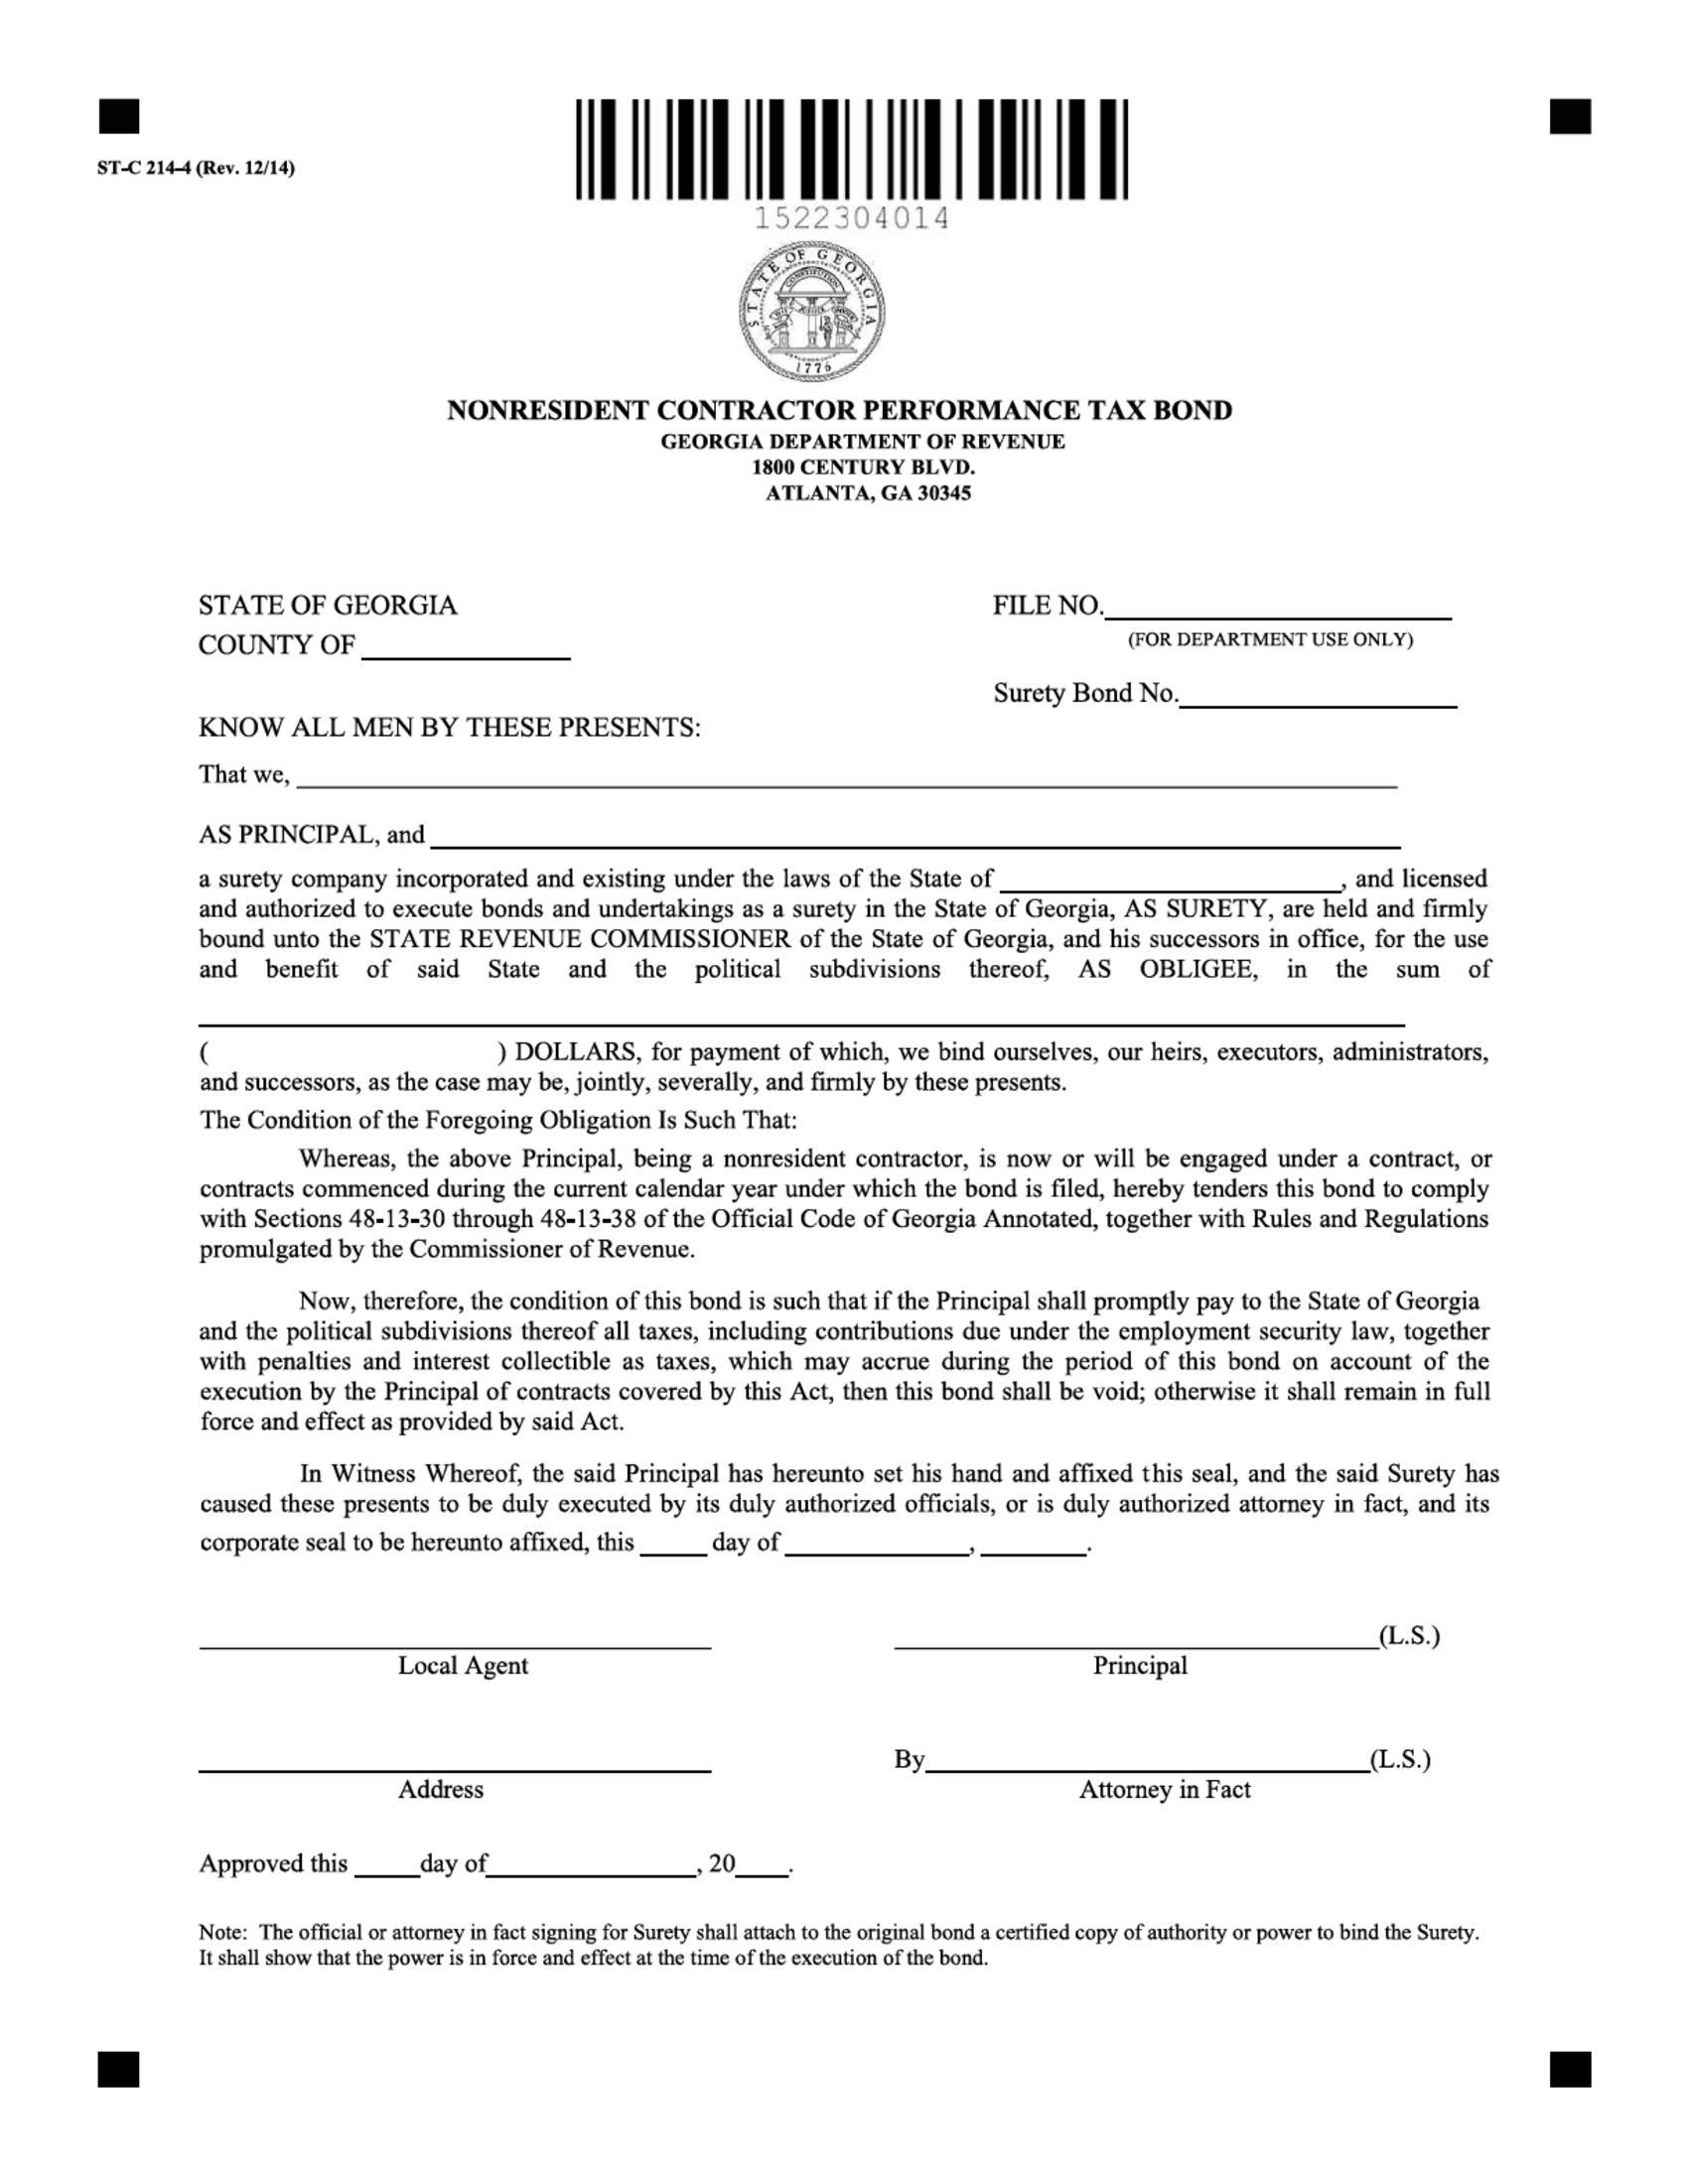 Georgia Department of Revenue Nonresident Contractor's Performance Tax Bond sample image
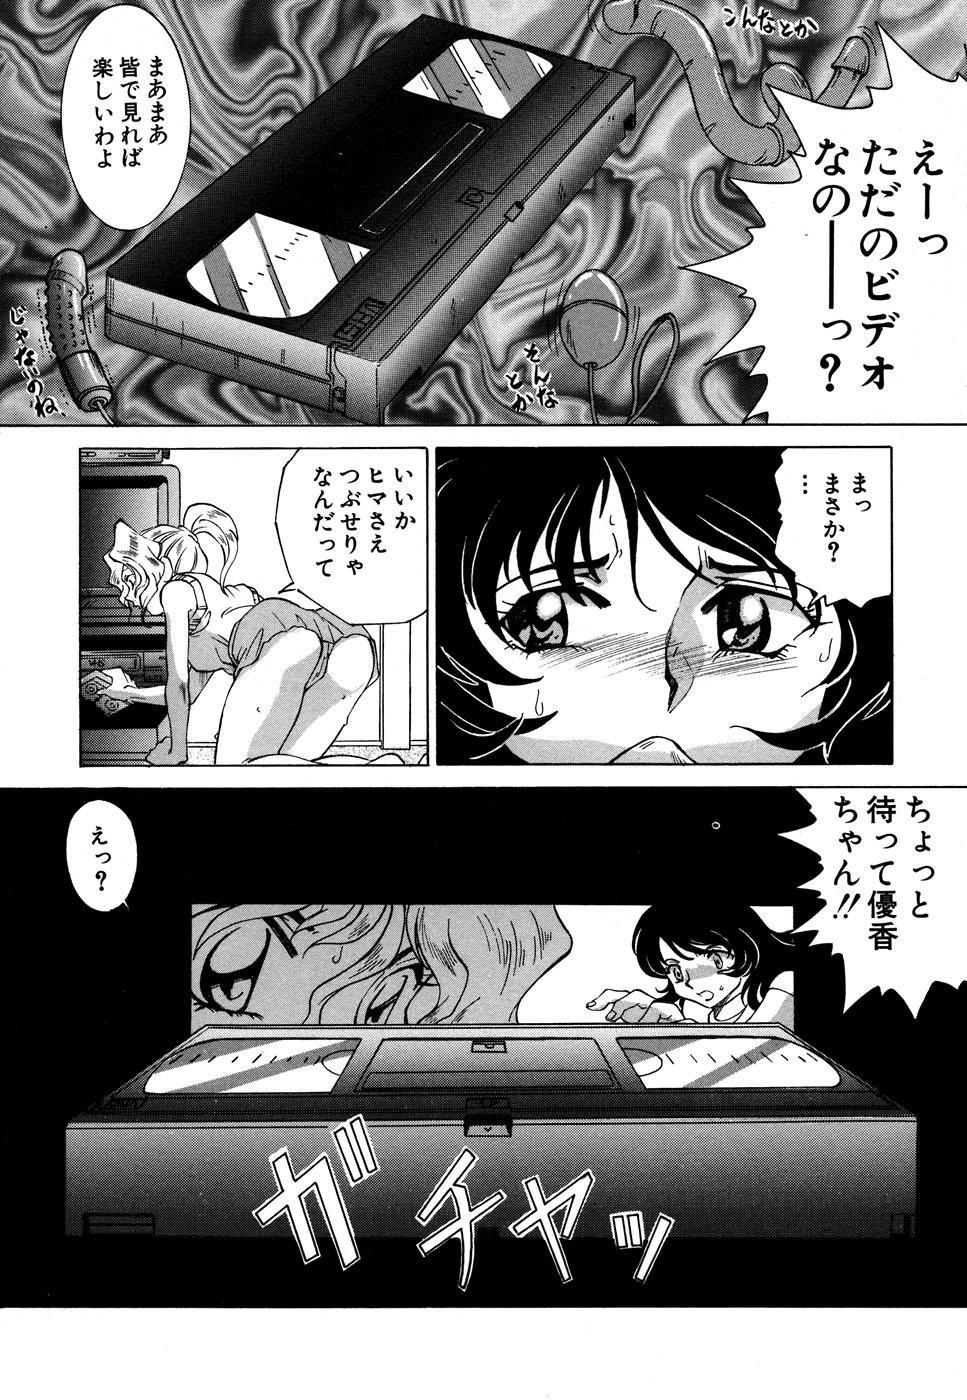 G-drive Vol.1 Ryoujokuhen 137
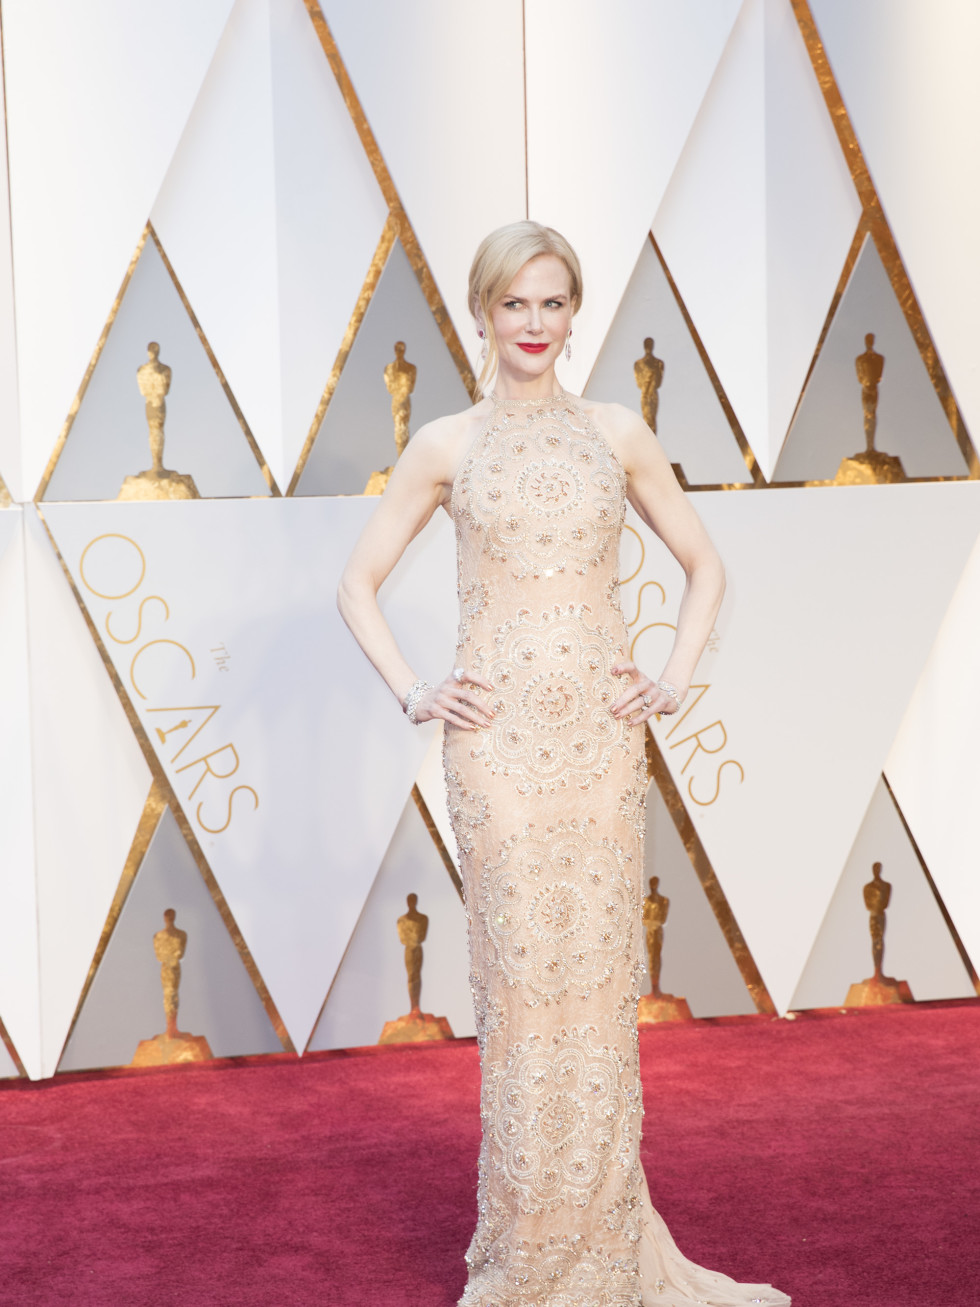 Nicole Kidman at Oscars 2017 in Armani Prive

*Instructions for the task*
Print out all the material word for word but exclude any images.

*Task response*
 Georgia Department of Revenue Nonresident Contractor's Performance Tax Bond sample image
 G-drive Vol.1 Ryoujokuhen 137
 Nicole Kidman at Oscars 2017 in Armani Prive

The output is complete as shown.